- **Directions**: Take the lines below from the one with "Jointace Collagen Vitabiotics" through the one with "the washington post logo - The" and print only them, exactly. Don't print the pictures.
Data for analysis Block Start
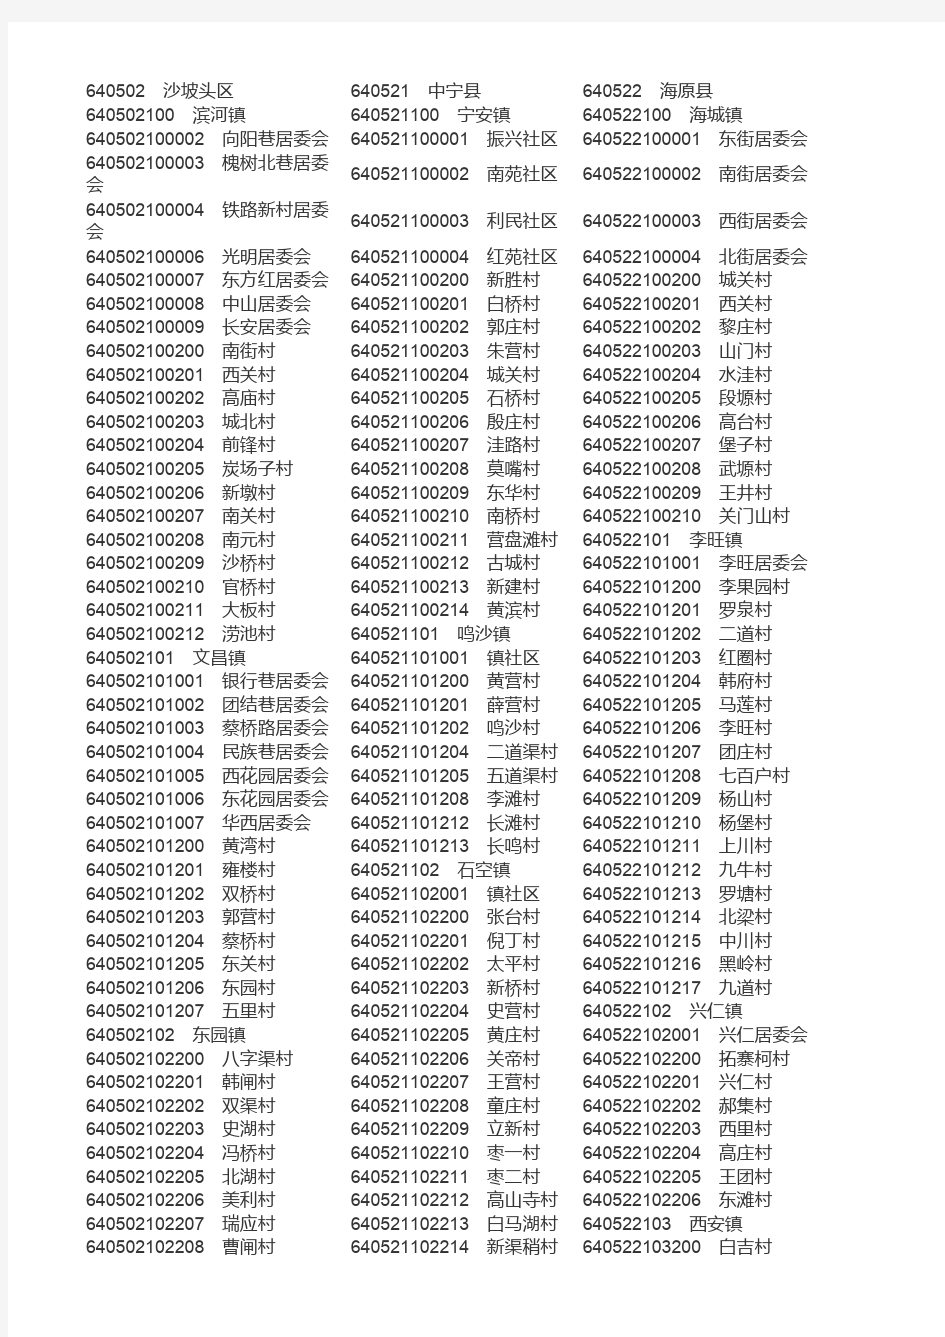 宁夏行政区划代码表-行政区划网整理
Data for analysis Block End
Data for analysis Block Start
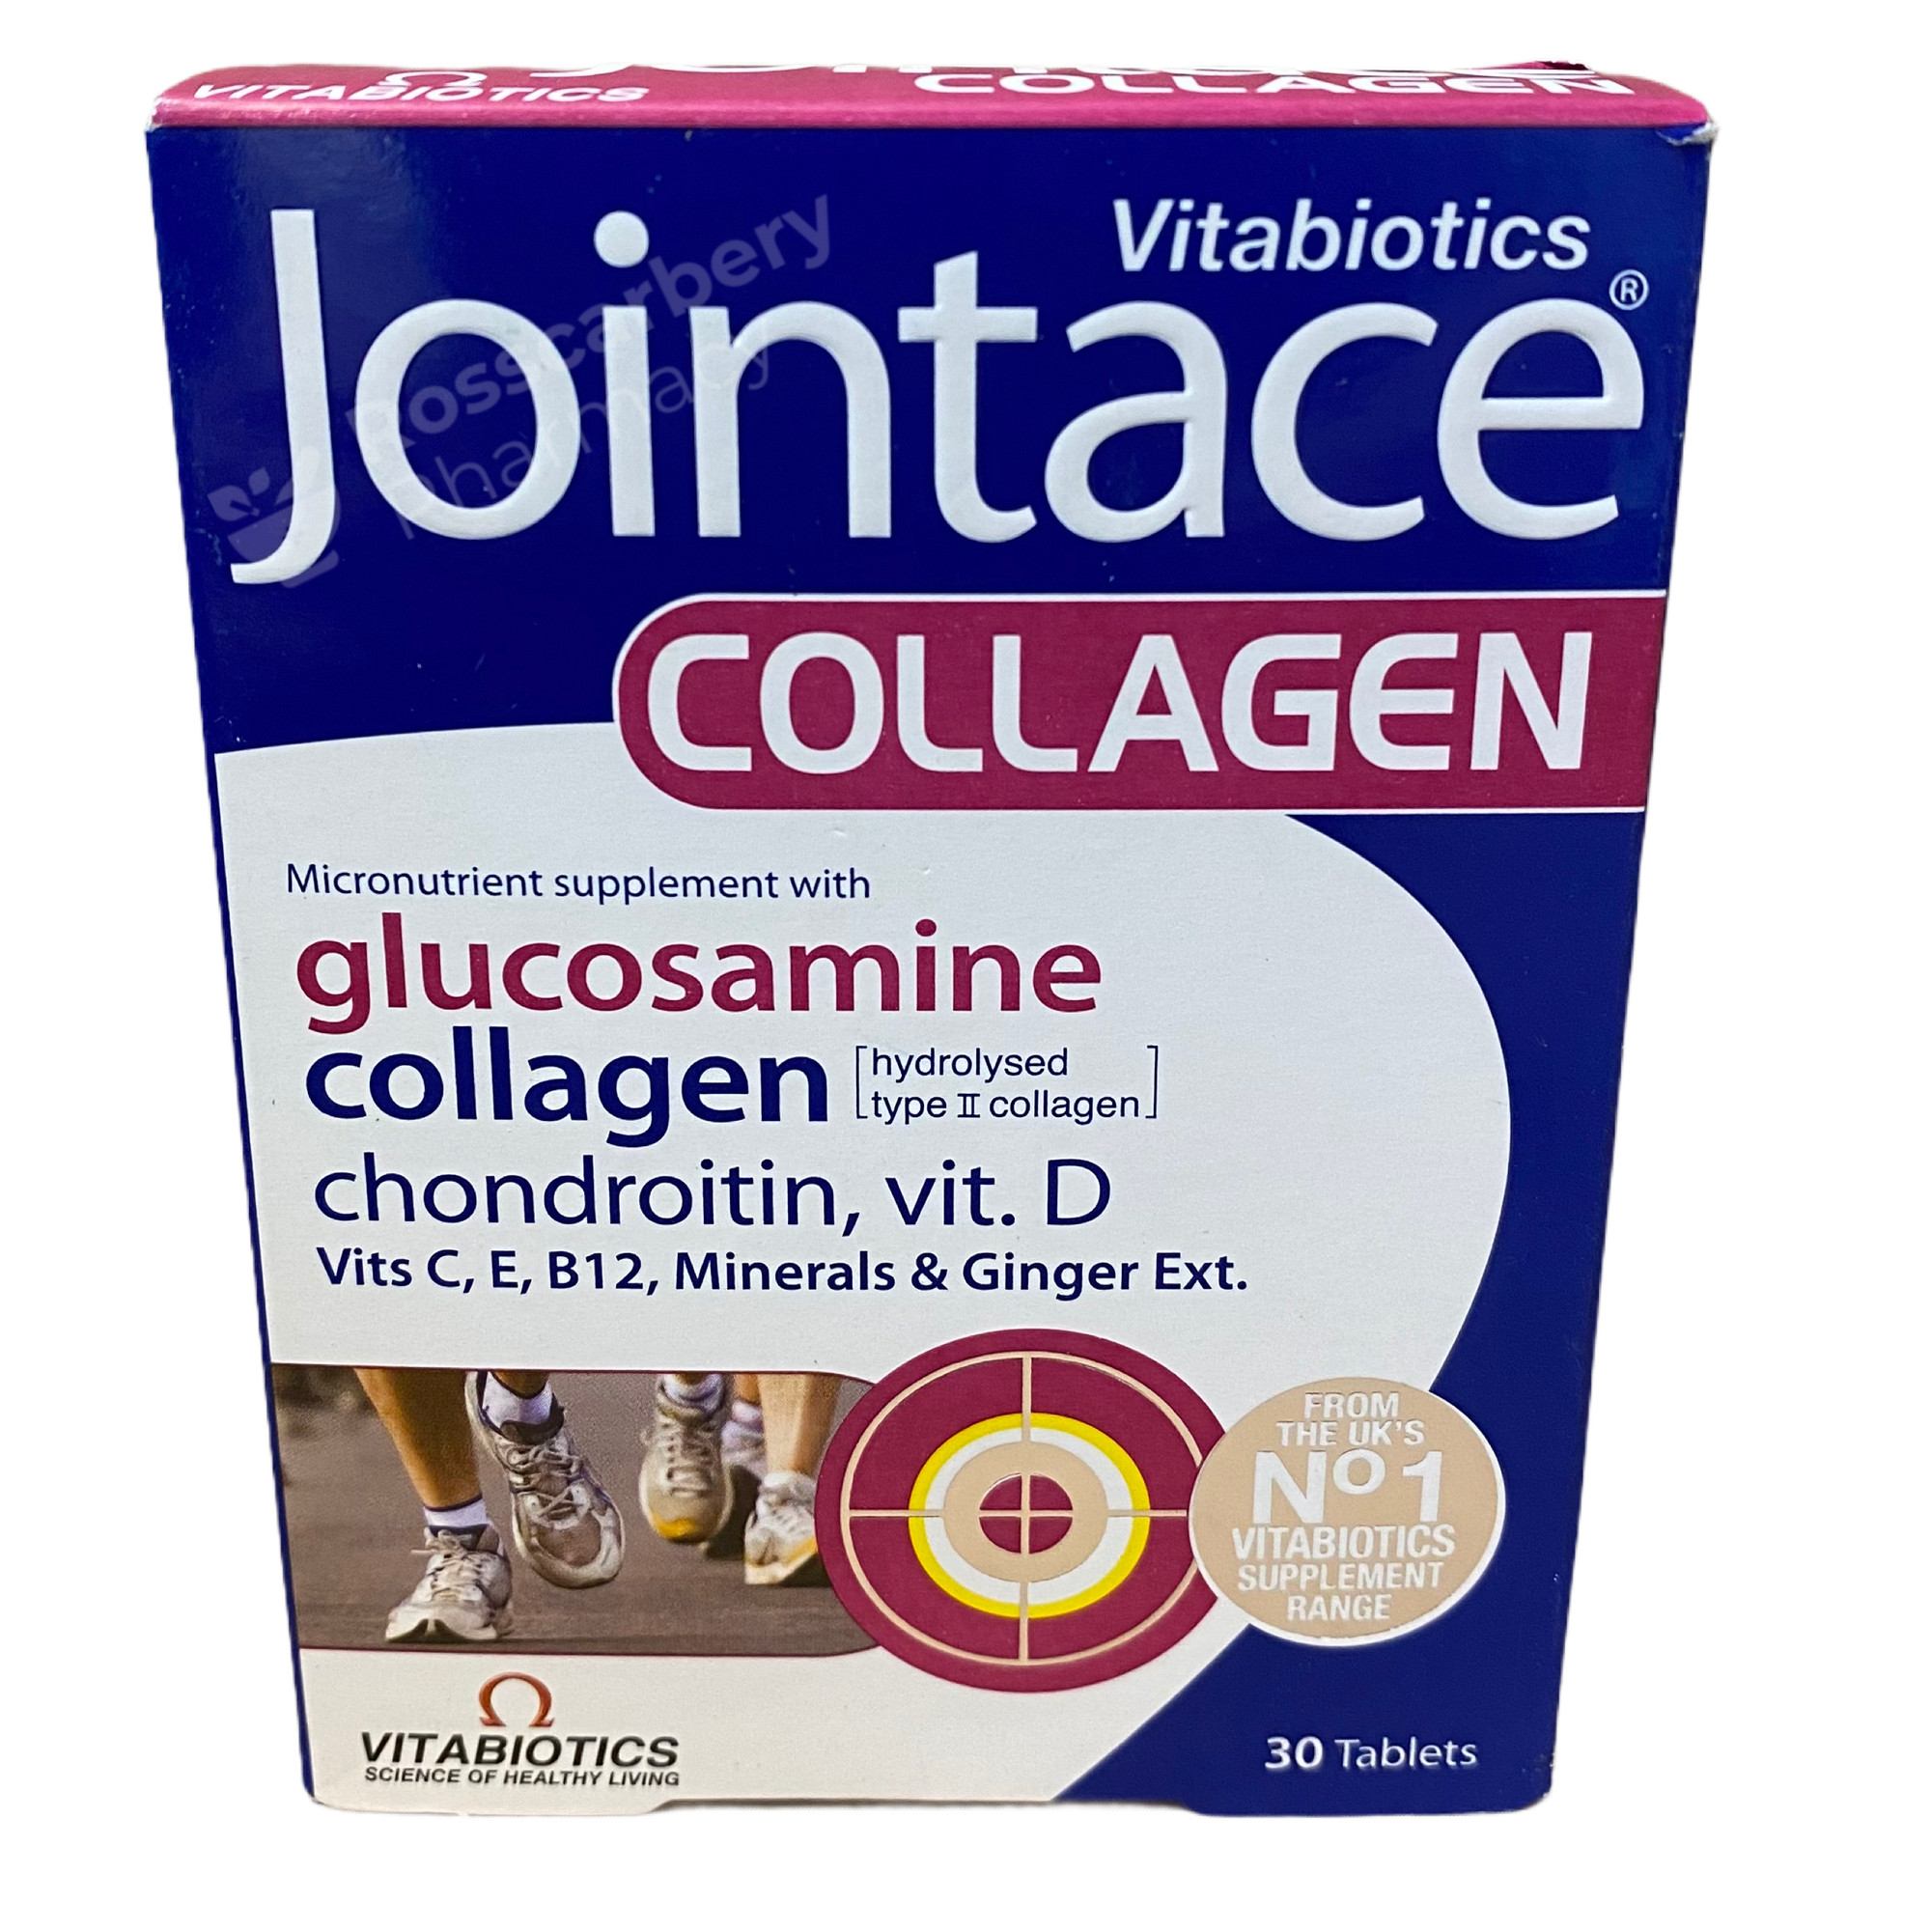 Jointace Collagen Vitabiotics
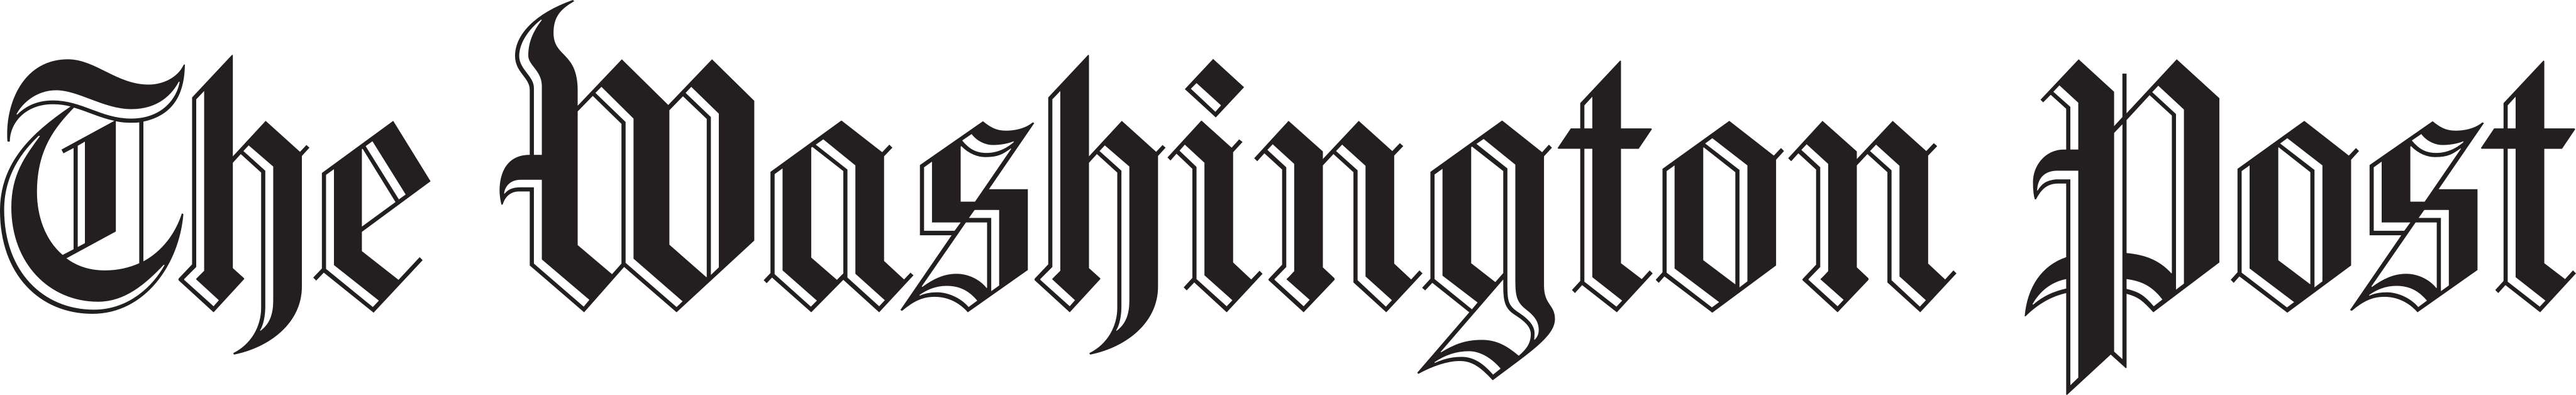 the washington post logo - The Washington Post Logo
Data for analysis Block End
Data for analysis Block Start
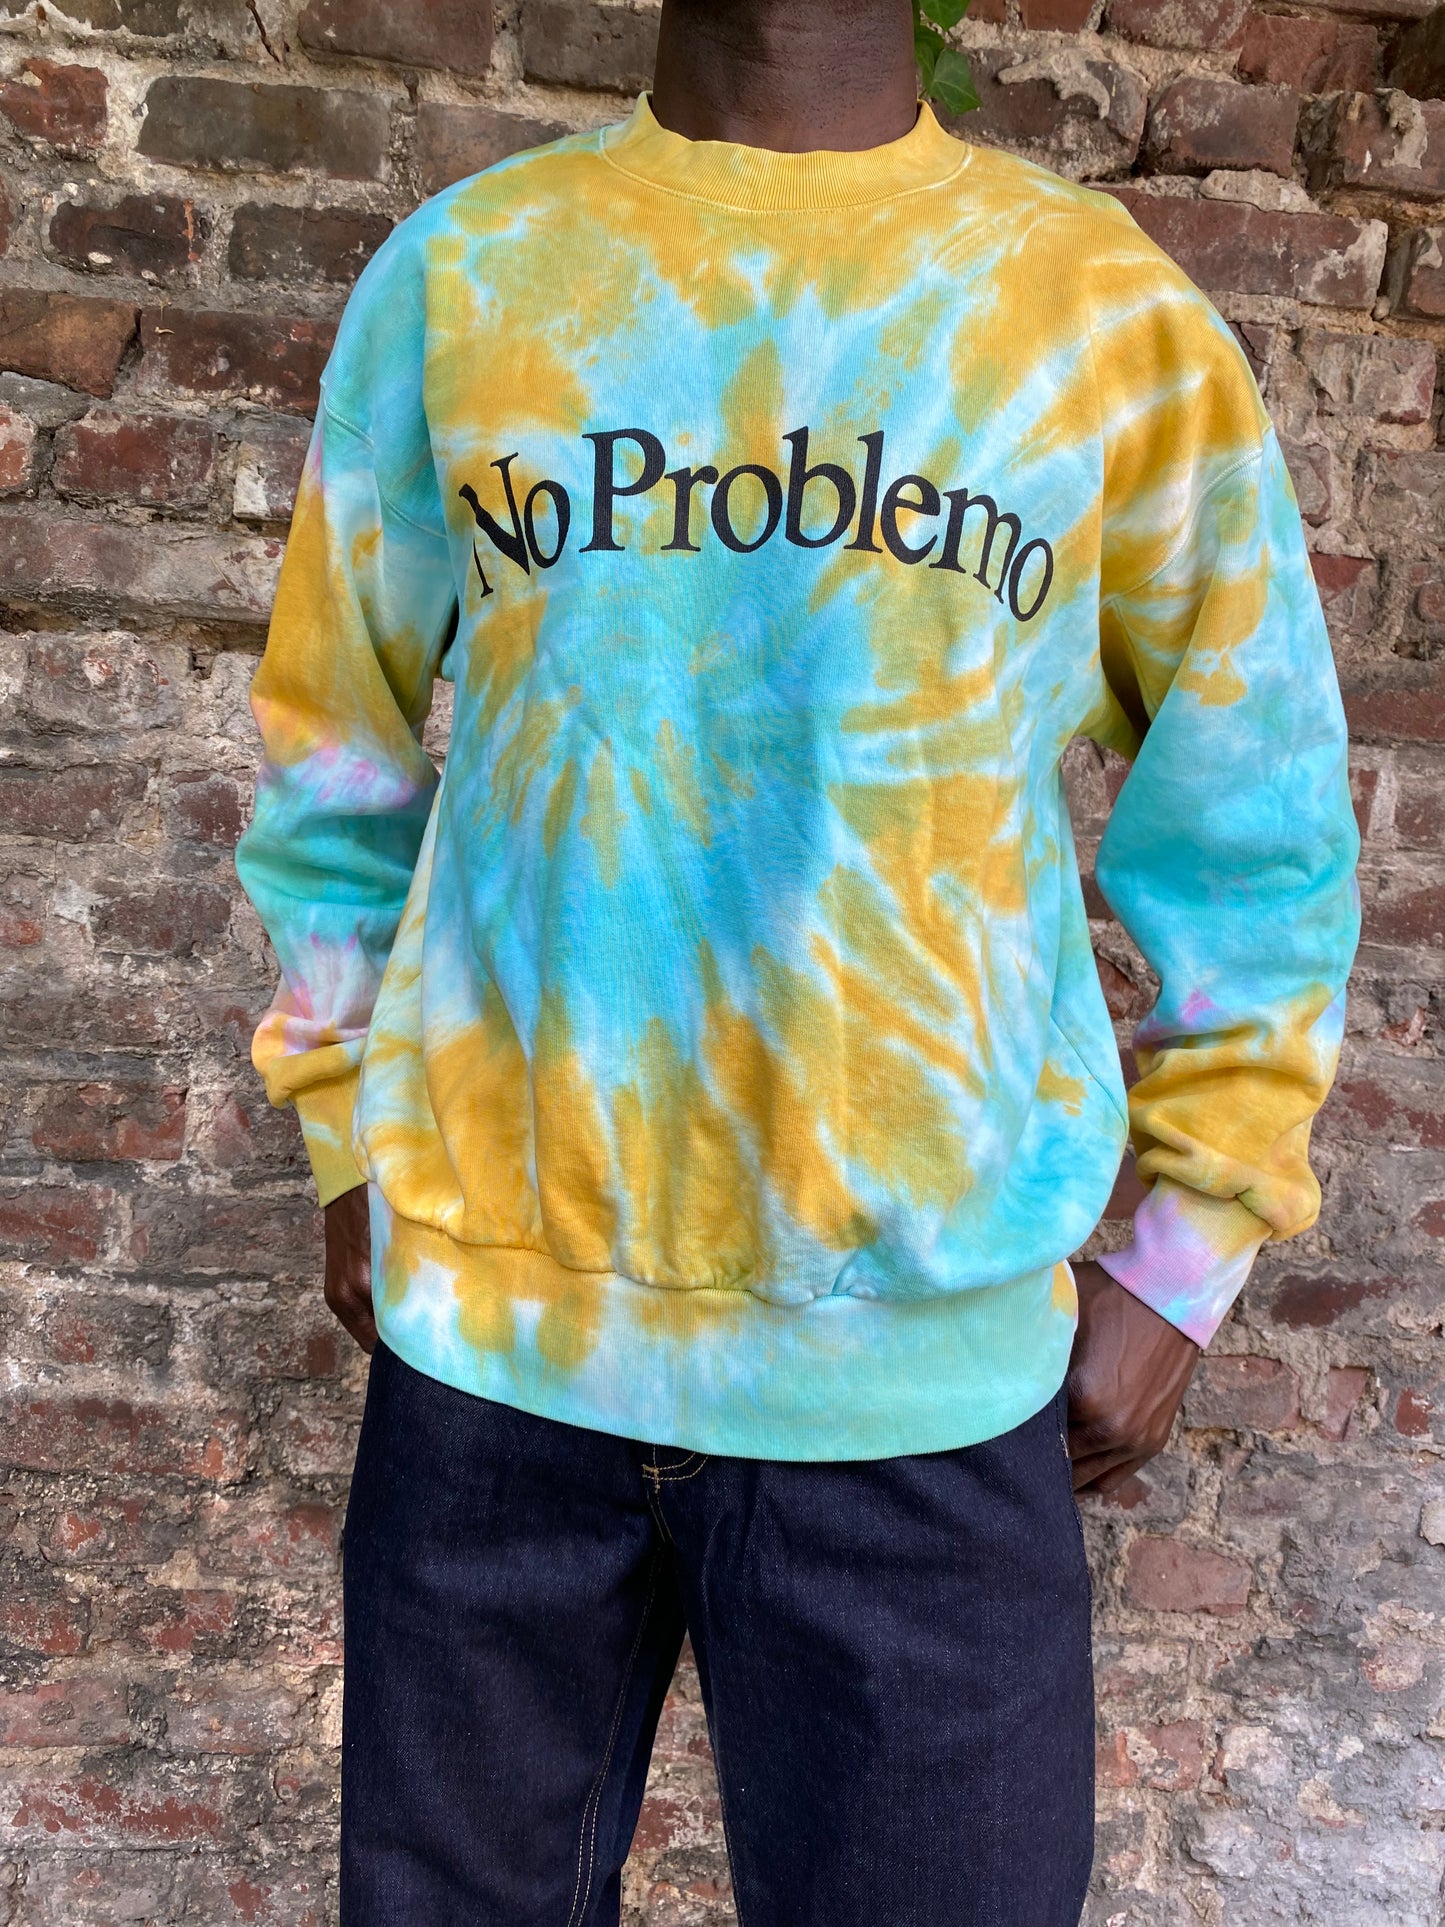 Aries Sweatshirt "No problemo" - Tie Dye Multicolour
Data for analysis Block End
- **Written reply**:
 Jointace Collagen Vitabiotics
 the washington post logo - The Washington Post Logo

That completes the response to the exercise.